● **Task objective**
Practice item. Set the material below down again exactly, with no pictures.

● **Exercise input**
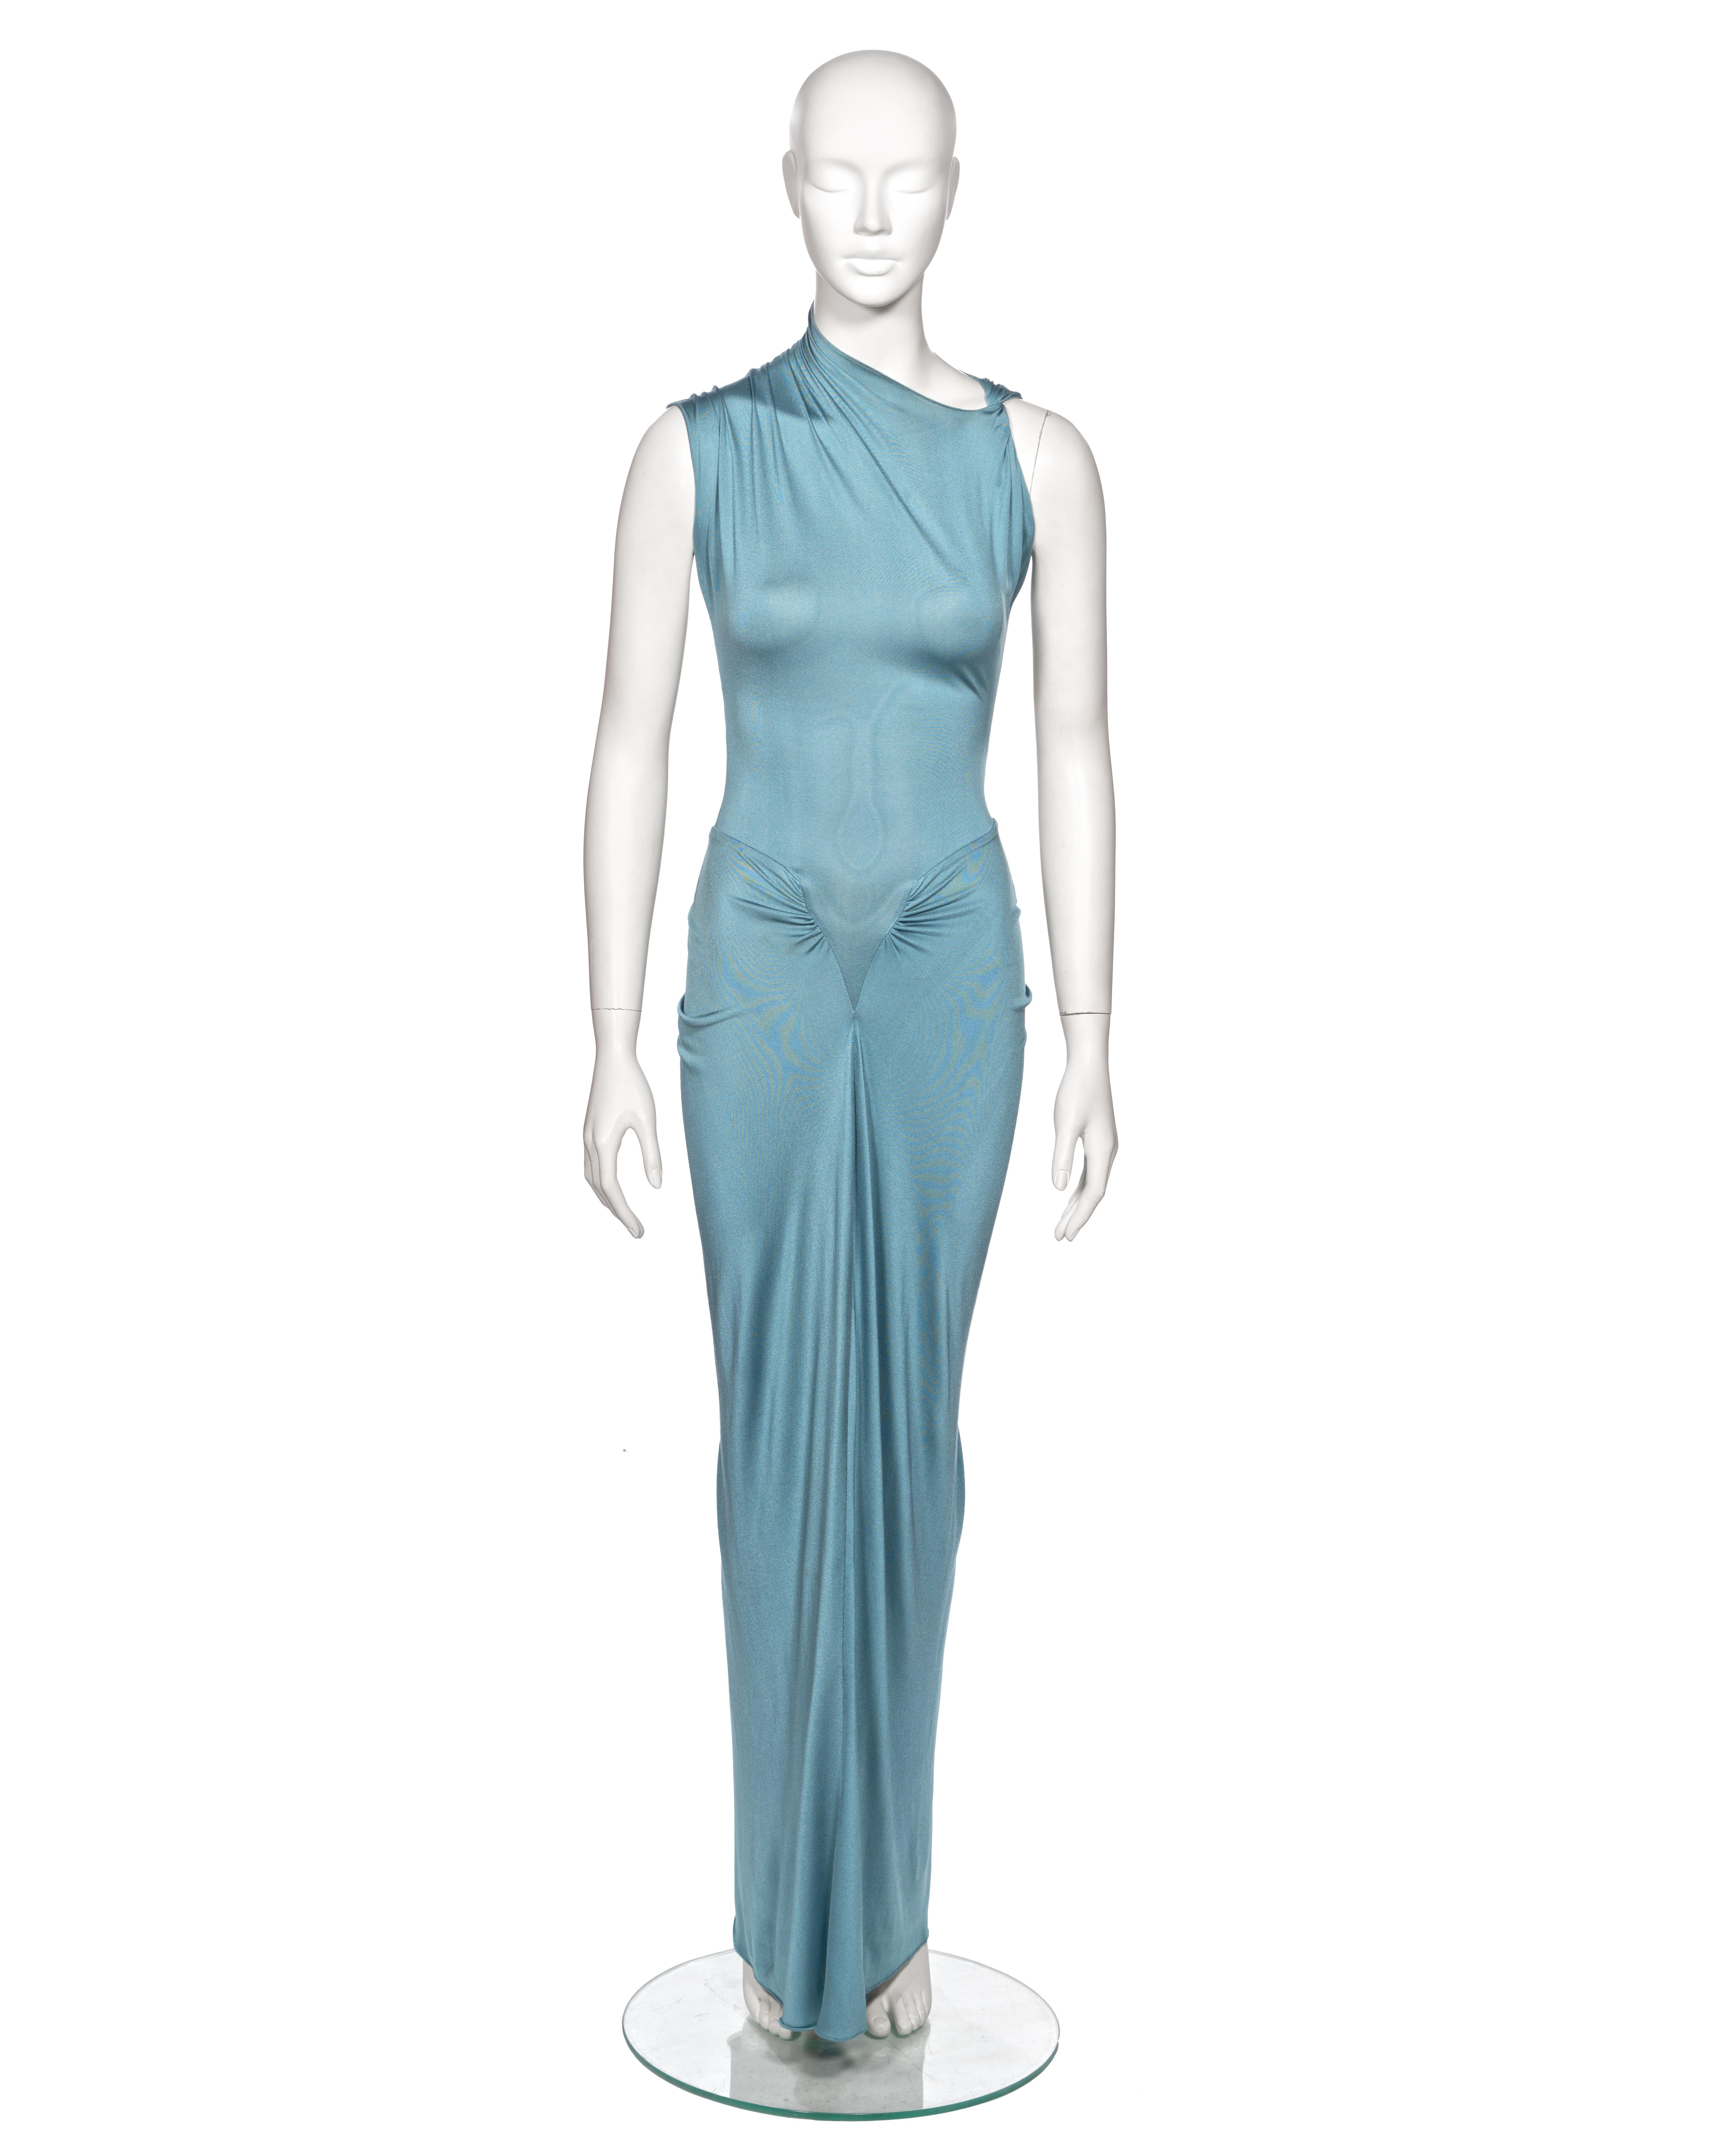 ▪ Rare Christian Dior Evening Dress
▪ Directeur de la création : John Galliano
▪ Printemps-été 2000
▪ Vendu par One Of A Kind Archive
▪ Confectionné en jersey de soie bleu poudré, ce vêtement incarne l'élégance et la modernité
▪ Décolleté
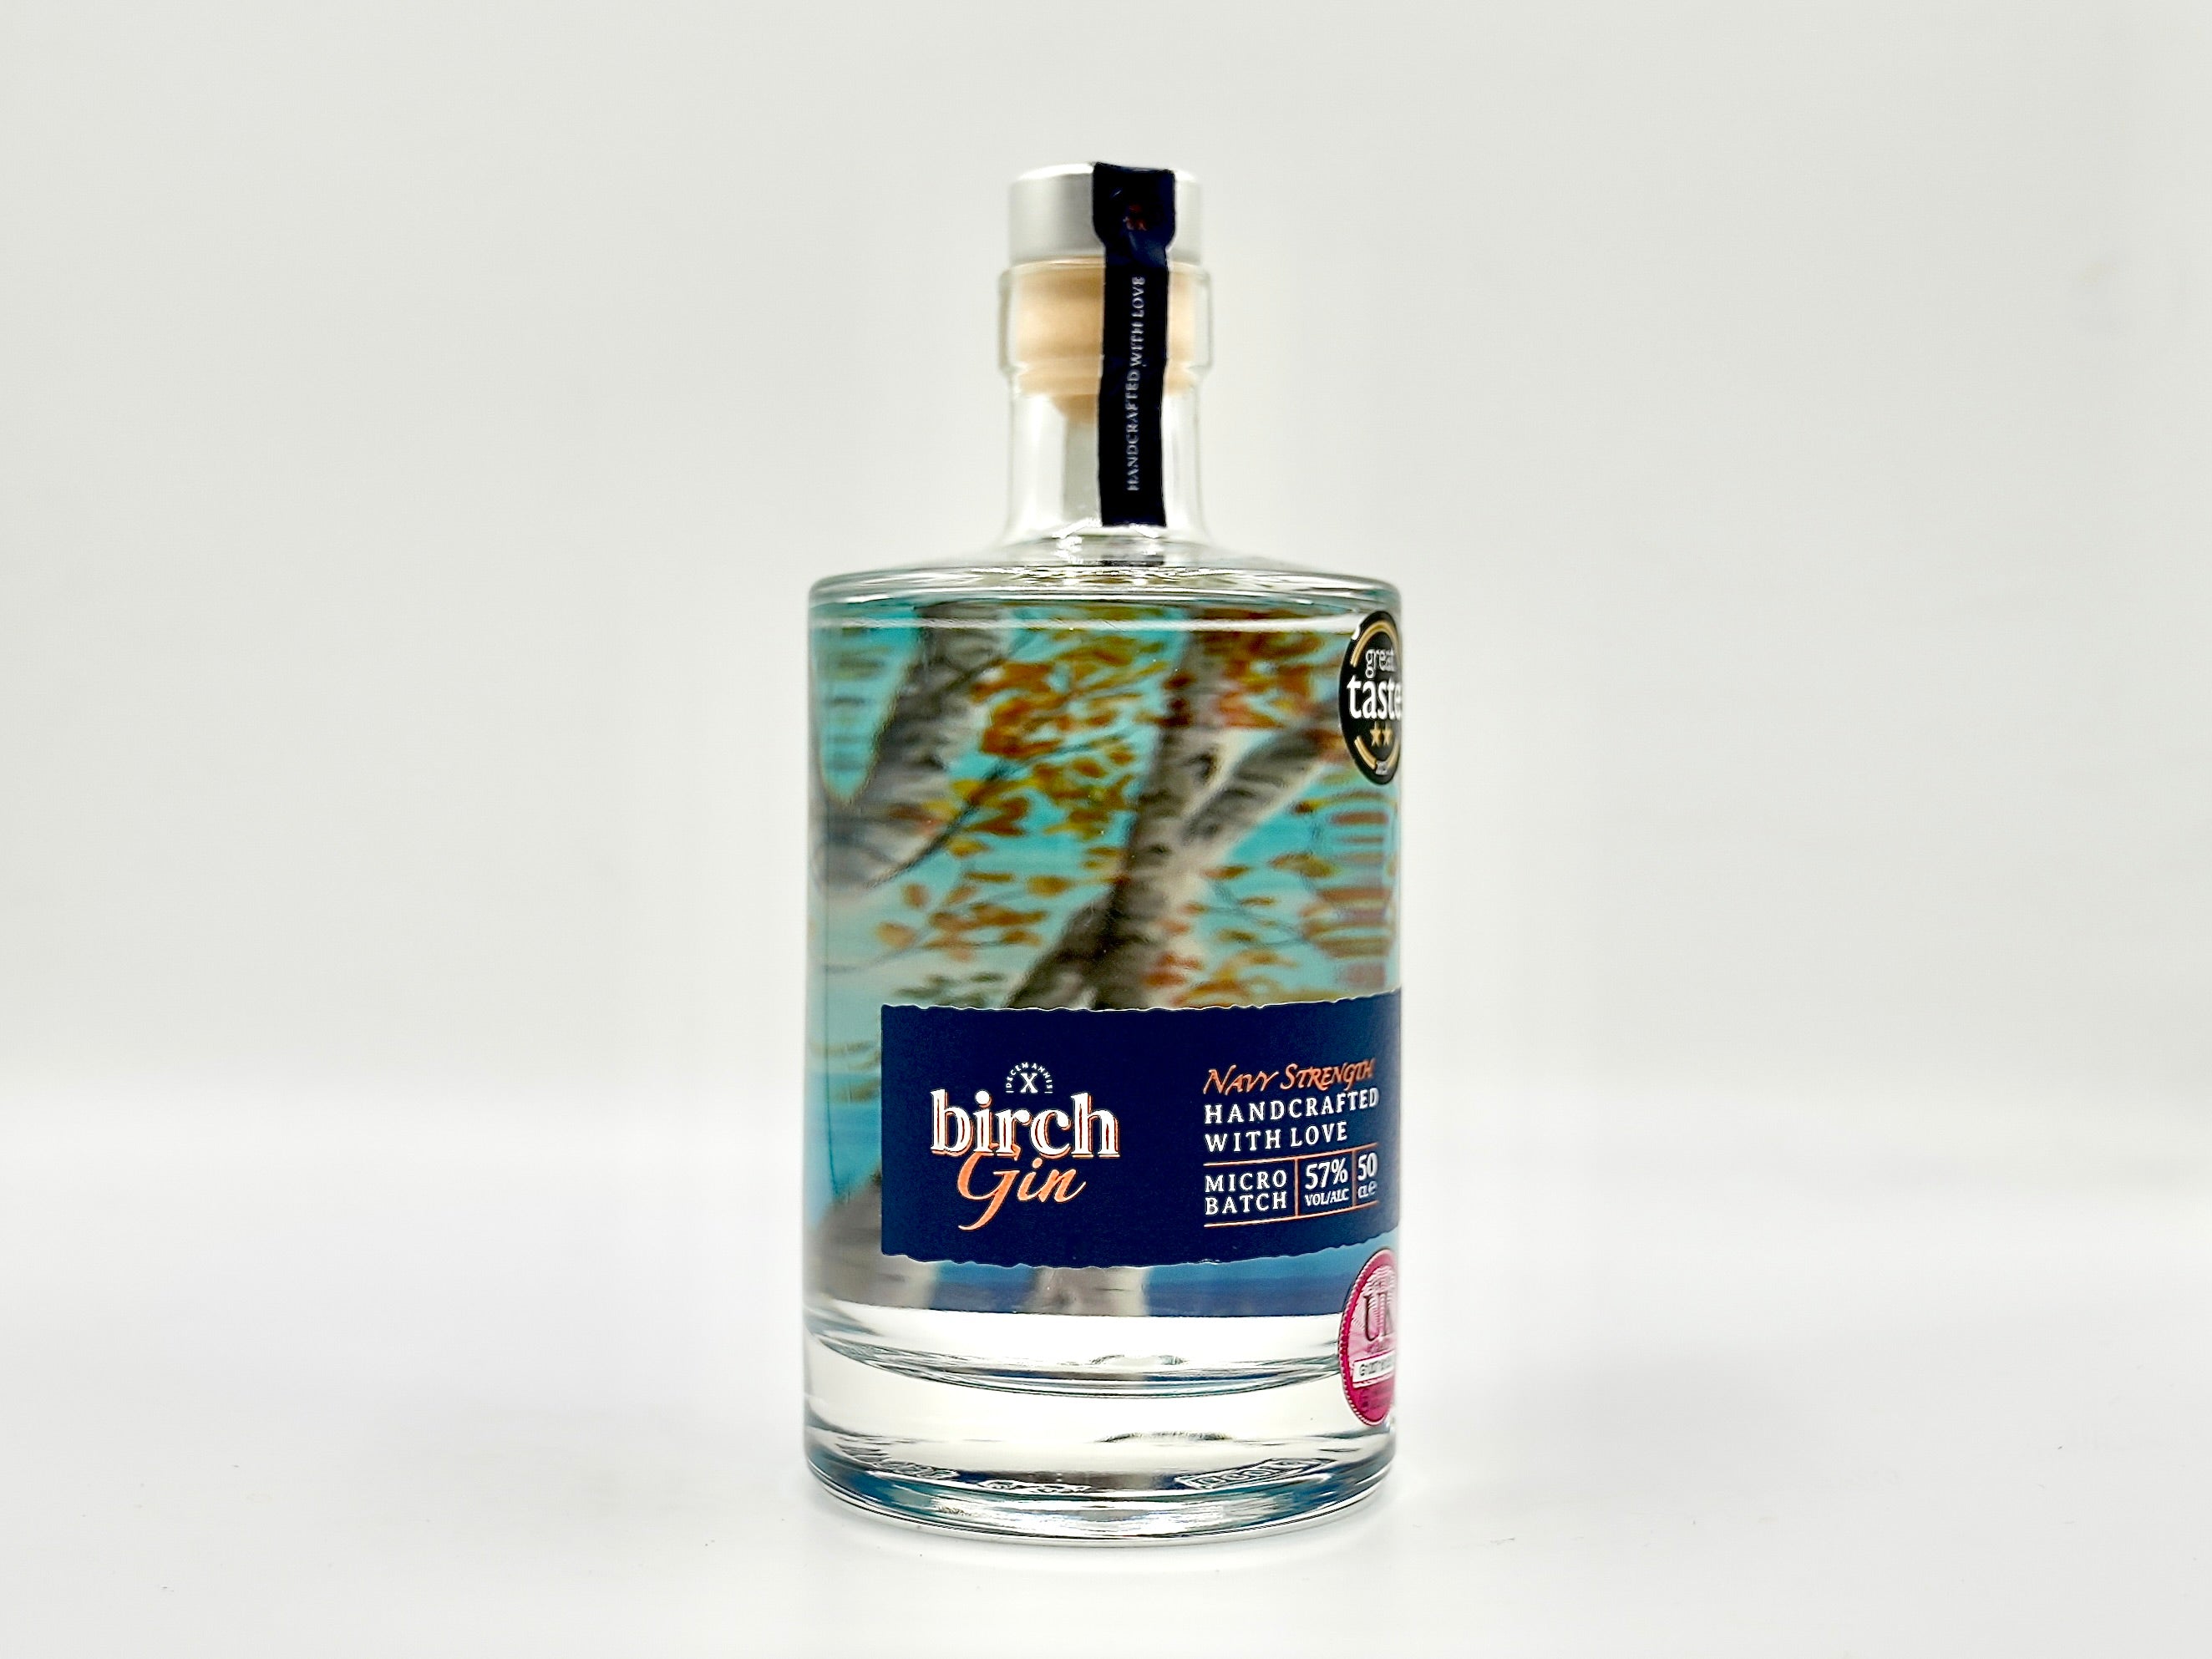 1 Bottle of Birch Gin Navy Strength

● **Answer to this exercise**
 ▪ Rare Christian Dior Evening Dress
▪ Directeur de la création : John Galliano
▪ Printemps-été 2000
▪ Vendu par One Of A Kind Archive
▪ Confectionné en jersey de soie bleu poudré, ce vêtement incarne l'élégance et la modernité
▪ Décolleté
 1 Bottle of Birch Gin Navy Strength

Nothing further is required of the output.